3. Start asking complex questions in natural language, like 'Show me all datasets linked to the HR schema.' Your agent then executes the necessary API calls and presents the structured data.

## Frequently Asked Questions

**How does Azure Synapse Analytics MCP help me trace data movement?**
This MCP lets you audit complex data flows by listing and inspecting every single pipeline. You can get the full definition of a workflow, telling you exactly what happens from source to target, which is critical for debugging.

**Can this MCP check my compute resource availability?**
Yes, it gives you visibility into both dedicated and serverless SQL pools, plus your Apache Spark clusters. You can quickly see if the resources you need are provisioned and available before starting a job.

**I'm not sure where my data comes from; what should I check?**
Start by asking to list all linked services. This tool shows every external dependency—like Key Vaults or Blob Storages—that your Synapse environment is relying on, giving you a map of its connections.
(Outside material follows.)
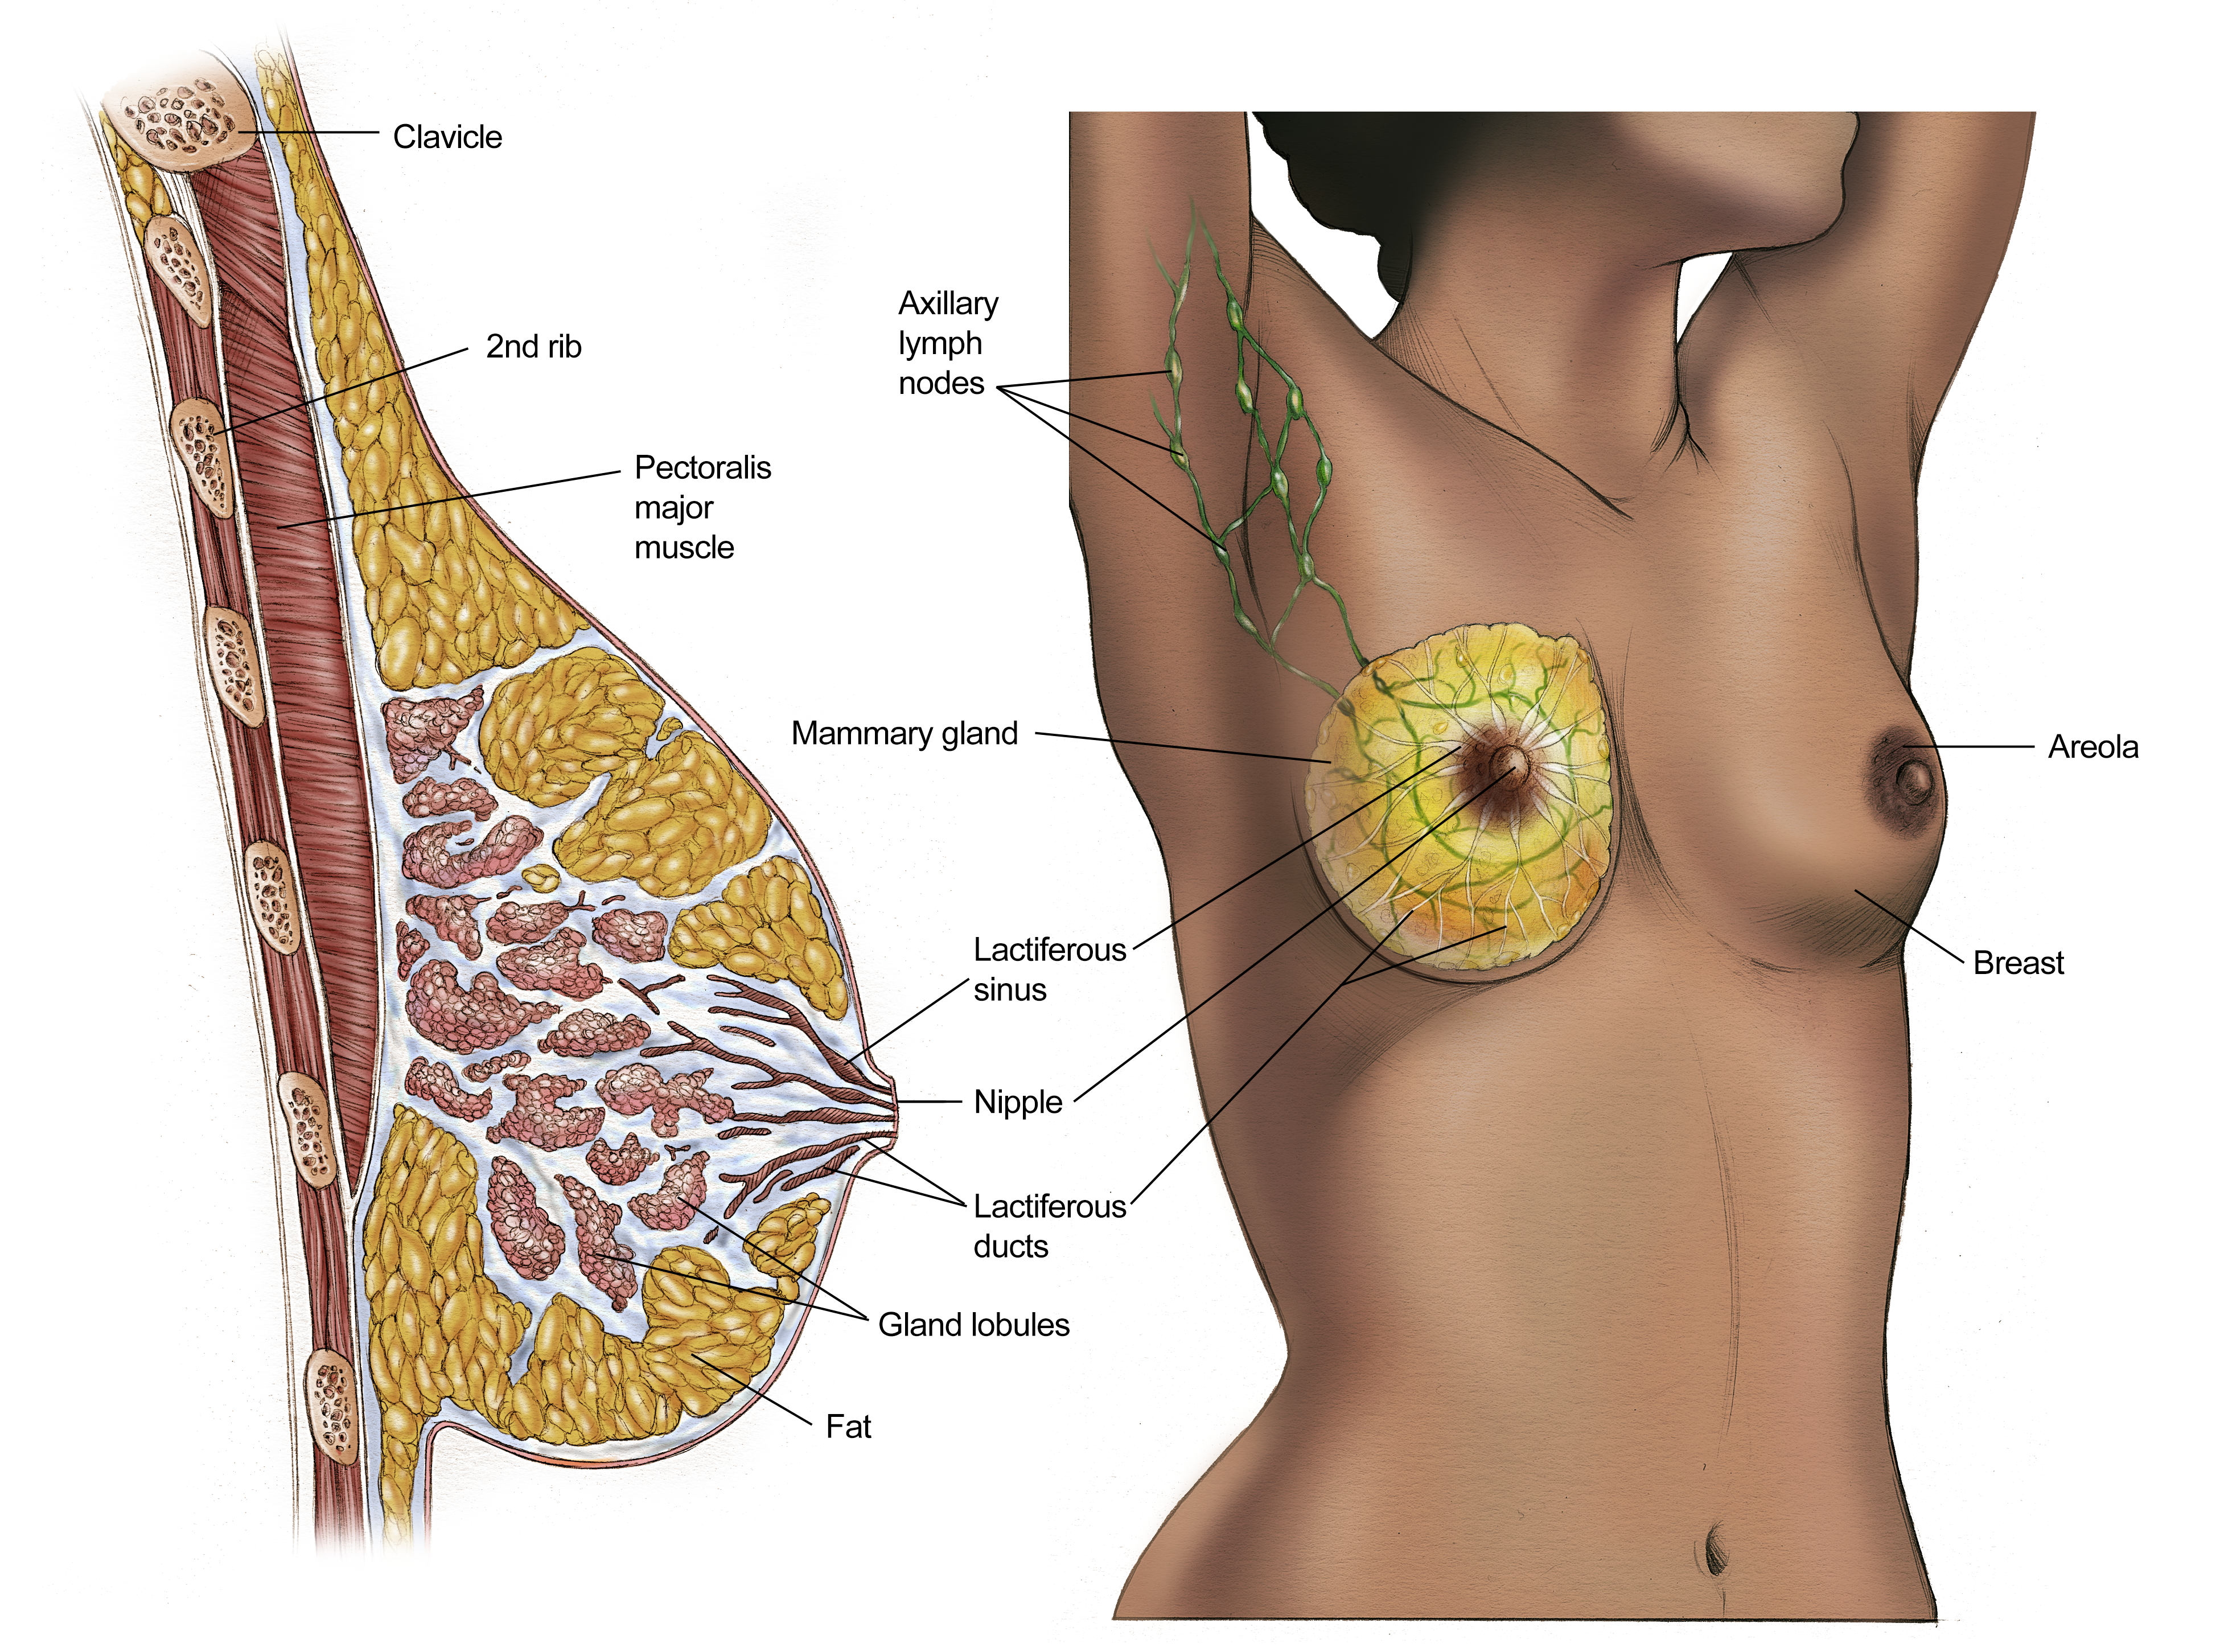 Illustration of breast tissue shown on a Black woman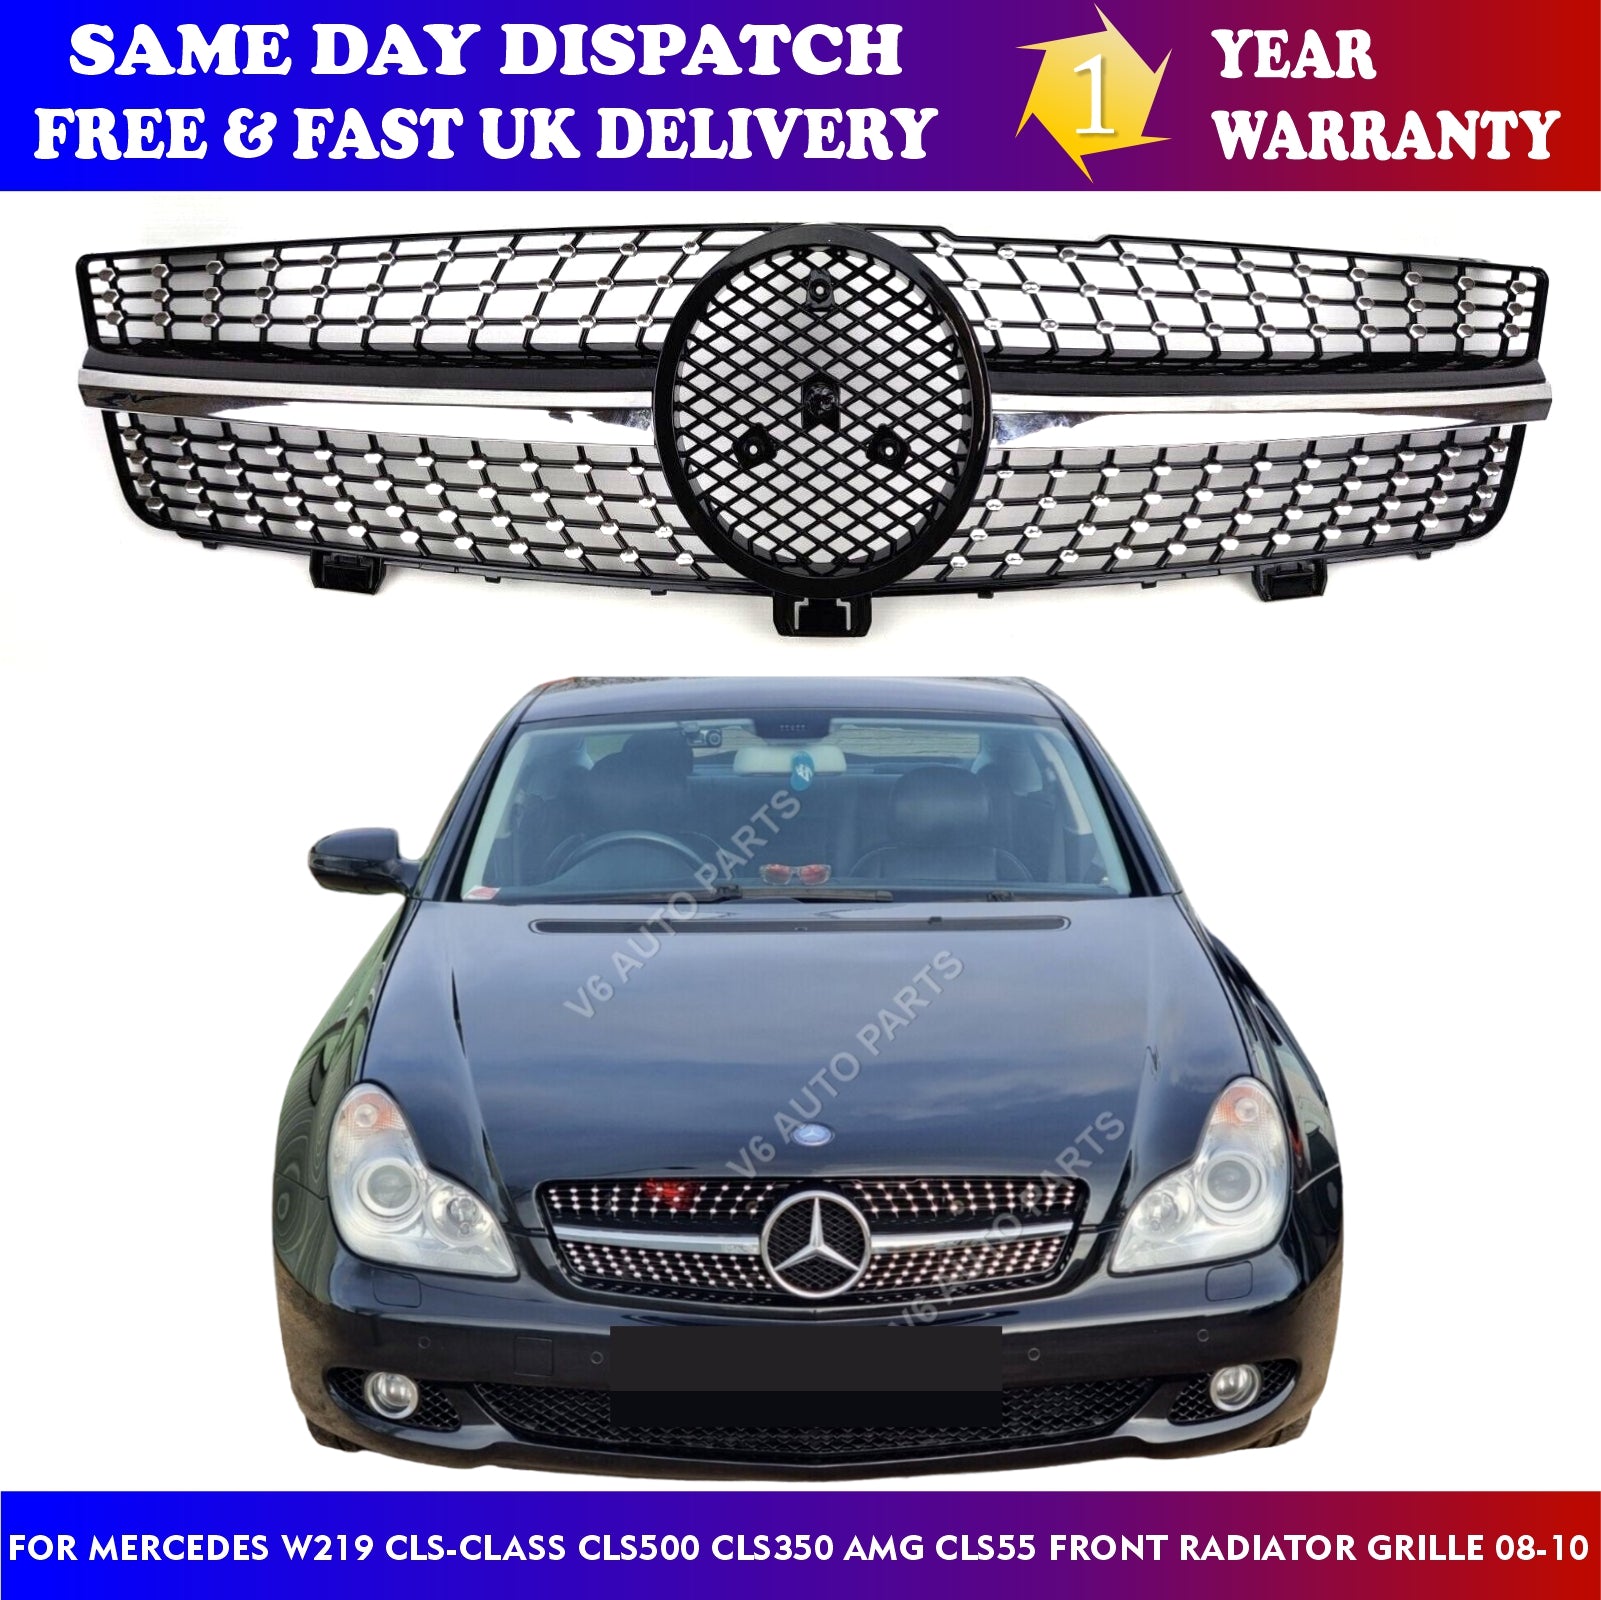 For Mercedes CLS-Class W219 CLS500 CLS400 Front Radiator Diamond Grille 2008-10

**Is this MCP useful for data governance and compliance?**
Absolutely. By allowing you to list all datasets and audit linked services, it provides the necessary visibility to prove where sensitive data lives and what external systems reference it for compliance audits.

**Can I use this MCP in my IDE while coding?**
Yes, connecting this via your AI client means you don't have to switch tabs or open the cloud console. You can audit and debug Synapse components right from your familiar coding environment.